Introduction: Mixed adenoneuroendocrine carcinoma (MANEC) is a rare tumor of the gastrointestinal tract that consists of a dual adenocarcinomatous and neuroendocrine differentiation. The clinical behavior seems to be influenced by the neuroendocrine component. We report a patient with mixed adenoneuroendocrine carcinoma of cecum who presented 18 years after her initial diagnosis and treatment.
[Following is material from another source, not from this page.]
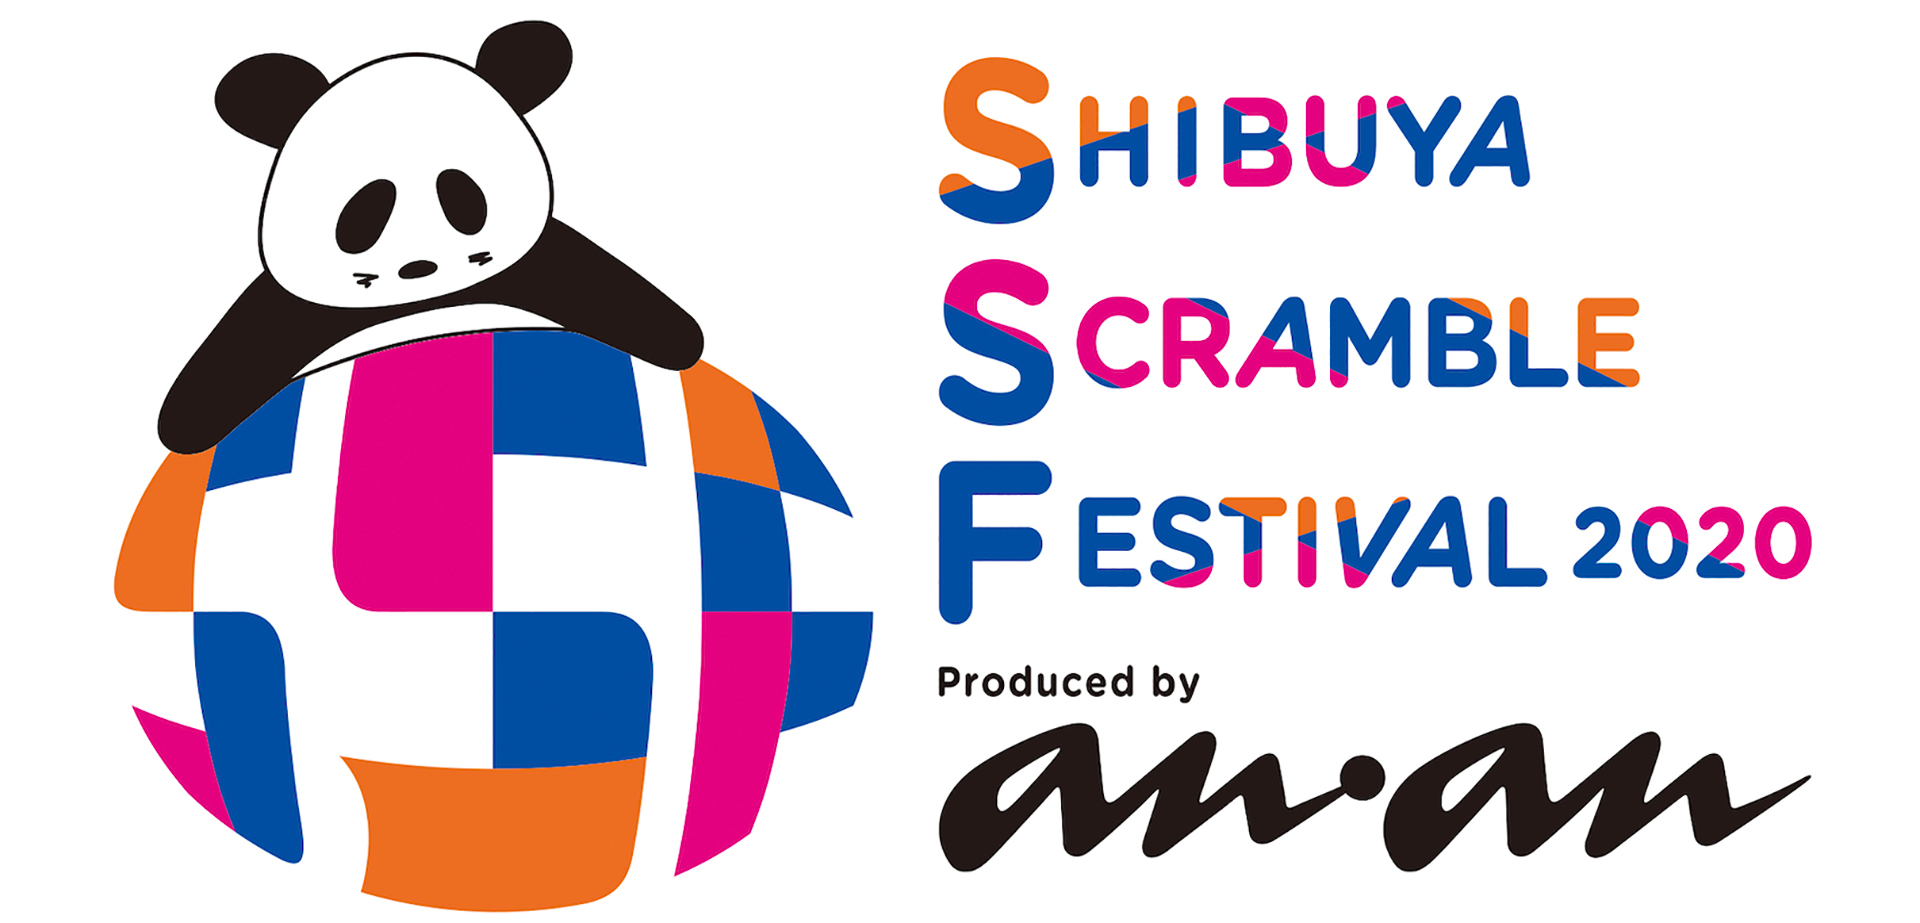 SHIBUYA SCRAMBLE FESTIVAL 2020 Produced by anan

Case report: A 59-year-old woman presented with a 3-month history of episodic hypotension, tachycardia and face and upper trunk flushes. She had a history of cecum tumor resection 18 years ago. It was a poorly differentiated mixed adenoneuroendocrine carcinoma. The tumor extended in the pericolic adipose tissue with perineural and lymphonodular invasion. It was TNM stage IIIB (T3N1M0). Postoperatively, she received interferon and 5-fluoracil chemotherapy for 6 months.
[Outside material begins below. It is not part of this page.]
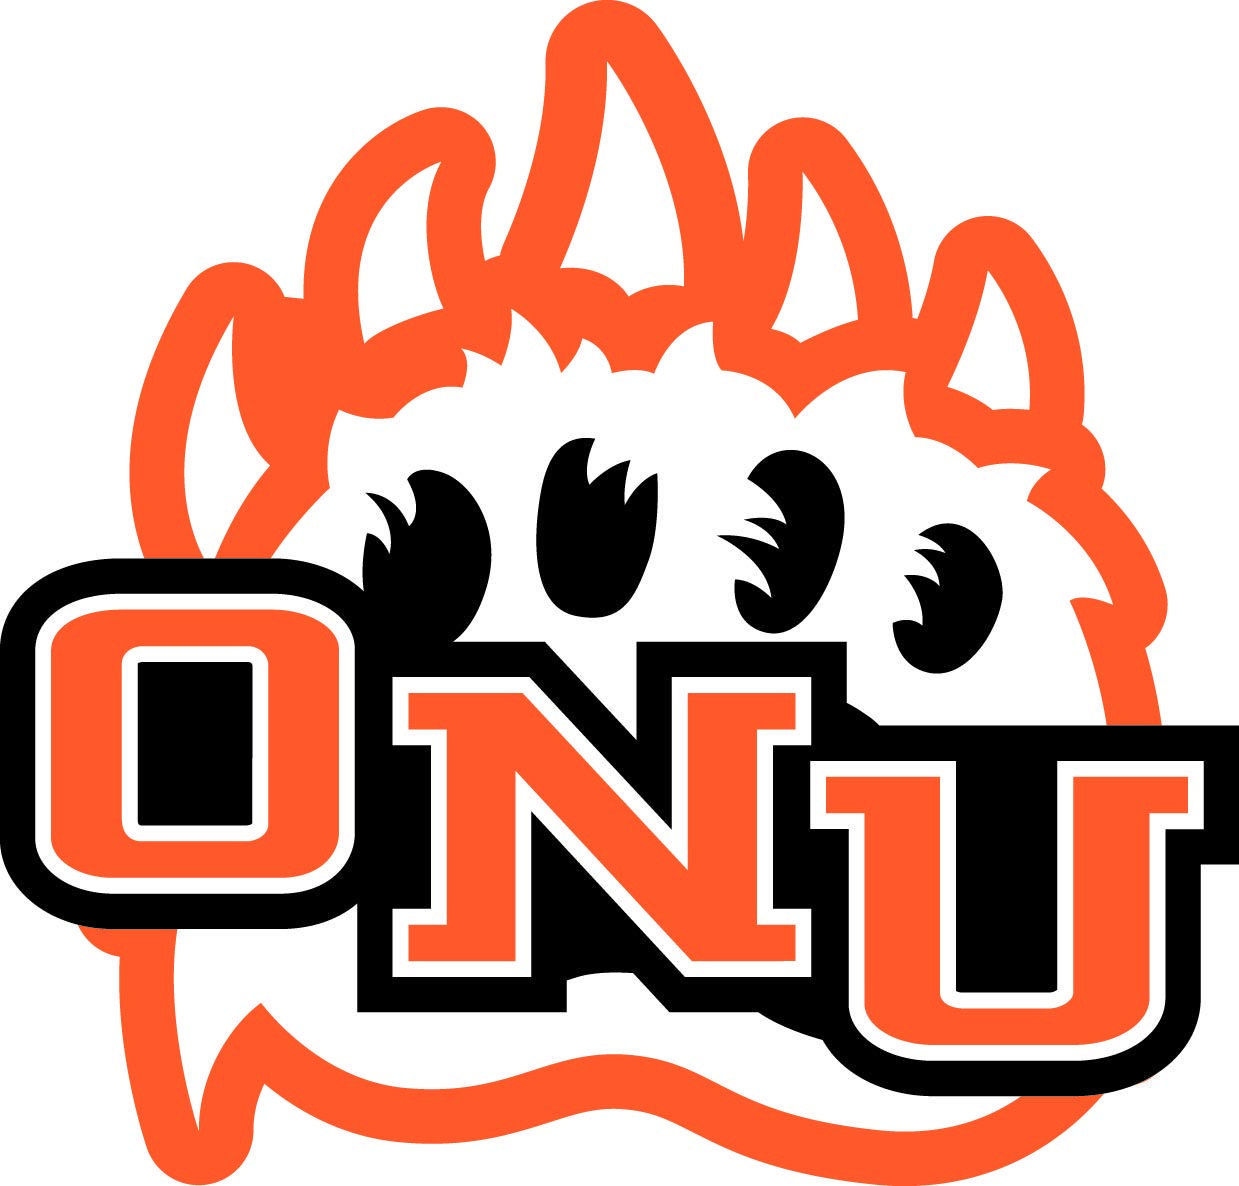 ONU Logo - Official ONU Logos. Ohio Northern University

The patient was asymptomatic for 18 years until symptoms of carcinoid syndrome (CS) appeared. Serum chromogranin A and 24-h urine 5-hydroxy-indole-acetic-acid (5-HIAA) were abnormally high. An abdominal magnetic resonance imaging revealed multiple metastatic liver lesions confirmed by biopsy. In111-pentetreotide scintigraphy detected the lesions in the liver and others in the left shoulder and the right sternum-clavicle joint. Bone lesions were also demonstrated by Tc-99m DTP scan. Octreotide LAR 30 mg per month was initiated and resulted in amelioration of symptoms. Chromogranin A and 5-HIAA decreased but remained above normal range. The symptoms of CS reappeared after 2 years and the patient received 9 cycles of targeted radiotherapy (177Lu-Dotatate), which finally resulted in clinical and imaging improvement.

Conclusion: We report a rare case of a patient with a mixed adenoneuroendocrine carcinoma of the cecum who presented with metastatic disease and carcinoid syndrome 18 years postoperatively. Due to the rarity of these tumours and the unknown natural history, lifelong follow up is required.